The code that the justices put out last week is just mum on the subject that even in the future, we're going to have the same interpretive disputes where the justice does whatever the justice is going to do. The justices' defenders try to rationalize it, and the justices critics say, "No, this violates the rules." And the conversation just repeats in this permanent feedback loop.
Excerpt from Interview: Daniel Epps discusses possible consequences of the current polarized climate of politics.
Jeffrey Rosen: Dan, what does the history of Congress's efforts to influence the court say now that we're back in one of the most polarized times since before the Civil War? For much of the 19th century as Steve suggested there were open attempts by Congress to control the court, eliminating its term in the Jeffersonian era, expanding the number of seats leading up to the Civil War. Things really didn't settle into a nonpartisan harmony until after the Taft reforms of the 1920s and the defeat of FDR's court packing plan. Now that things are really polarized, might we see a return to that kind of tug of war and is that good or not?
Daniel Epps: …One of the things, our takeaways is this strategy is fraught, right? The court can push back on it, but doing it and also threatening to do it does send a signal, right? It tells the court we're watching you and you have gotten a little bit out of line with a big chunk of public opinion. and you know, some of them care about that, some of them don't.
I don't think that they should just take an opinion poll and that should decide every case. But I do think that if they're doing stuff that is extremely unpopular very controversial very divisive that might be a place where we want courts to step back from the brink a little bit. And there's a ton of historical examples of them doing that. Sort of seeing that they're facing a lot of the examples that Steve talked about in your question. Our places where the court was maybe gonna do something and Congress was like here's what we're gonna do or did something very aggressive and the court maybe stepped back from the brink.
I think we’re going to see that? We're already seeing that. We're not seeing that in terms of Congress actually going out and passing jurisdiction strapped statutes. We're seeing that in terms of members of Congress proposing things that would have been radical and unthinkable. I don't know, maybe five years ago, six, seven years ago. Certainly a decade ago.

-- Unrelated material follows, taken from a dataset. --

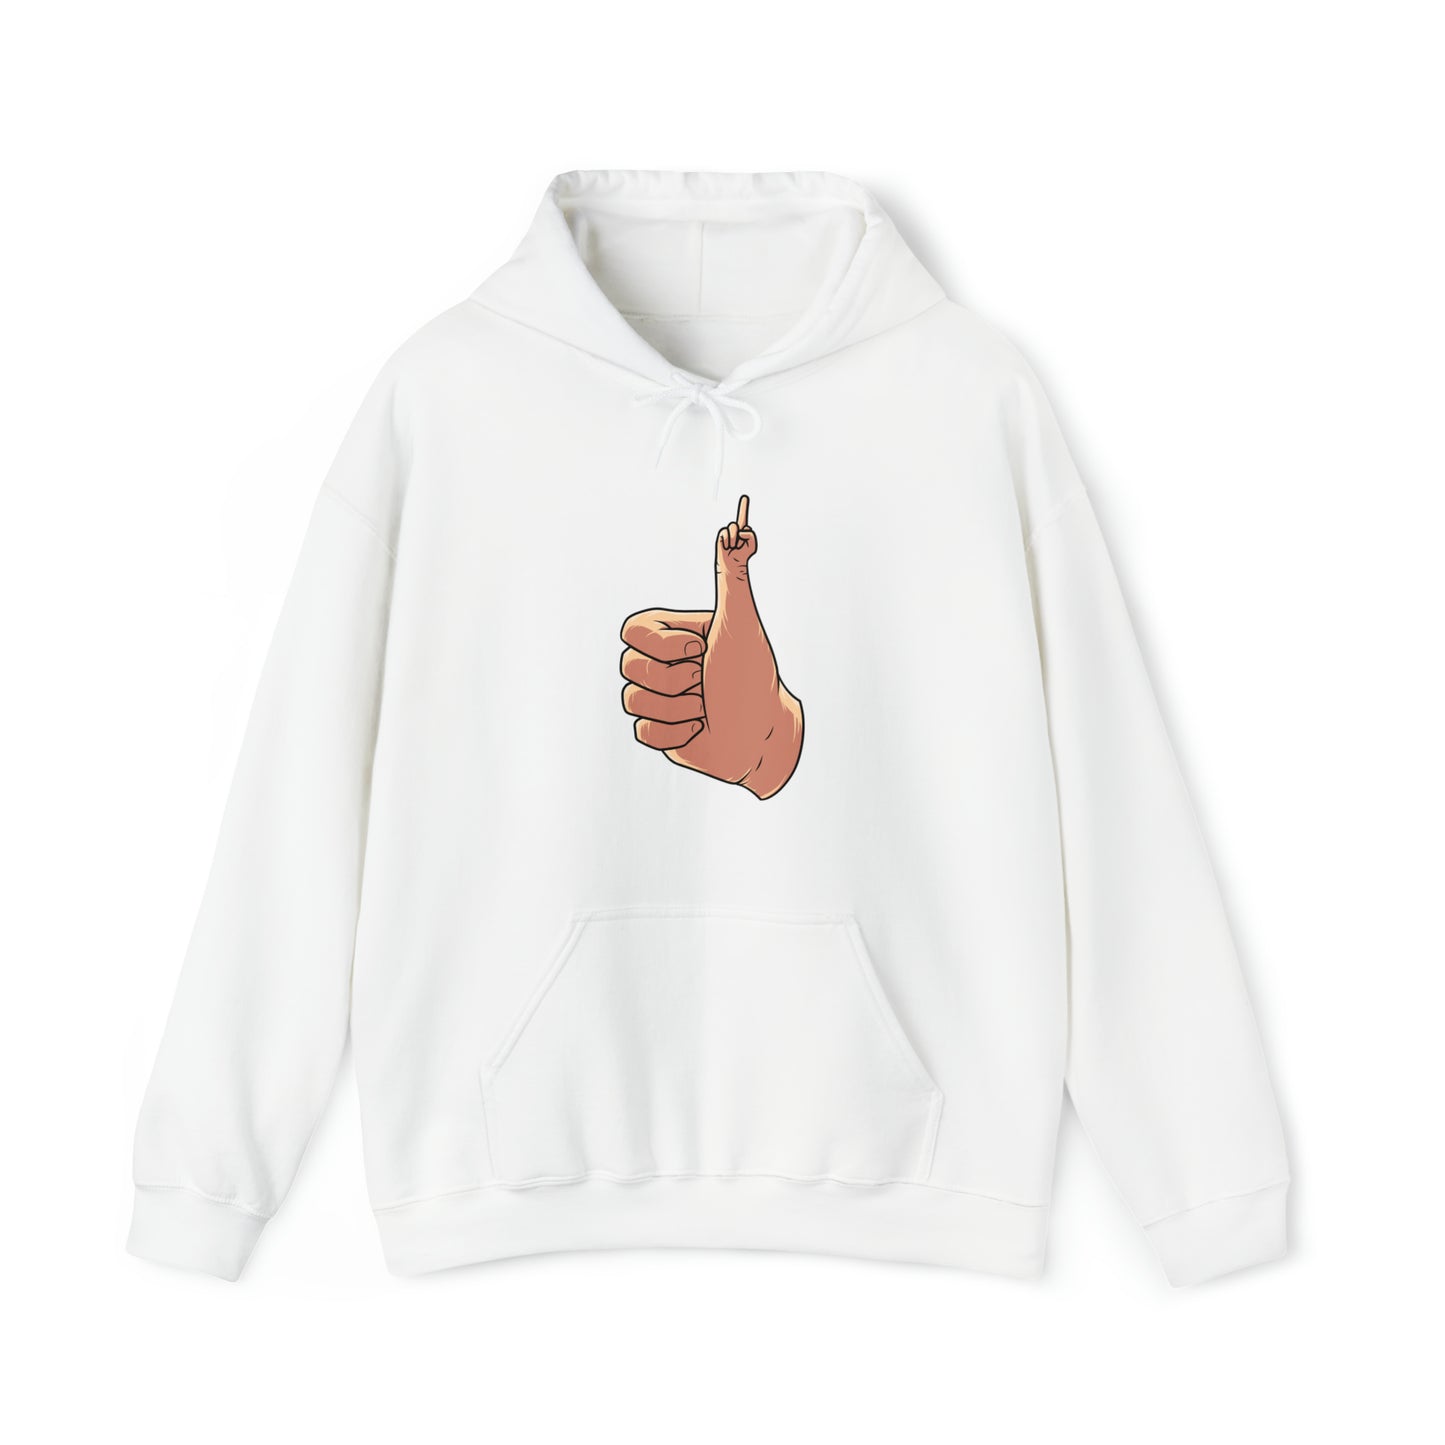 Custom Parody Hooded Sweatshirt, Thumbs up design

We're seeing actual senators and members of the House of Representatives coming forward with court packing bills…
Now one other thing though to say about that long run of historical episodes, what we do also see historically is the court over time developing more and more power and prestige, right? The court now is pretty unrecognizable from the court 200 plus years ago where they didn't have a building. They were just sitting in the basement of Congress. And they were not the court now declares federal statute is unconstitutional all the time.
They really have kind of put themselves in this position of, you know, we're the teachers and we're checking Congress's homework. That's newer in the long run of history. That something the court has kind of earned over a long time. And maybe we're gonna start seeing the old paradigm emerge, which is other branches saying, "You know, no. That's not what you are. You're co-equals but we have a big role in interpreting the Constitution. You're not right about everything." And maybe, over time we will start to see a little more of that equilibrium return.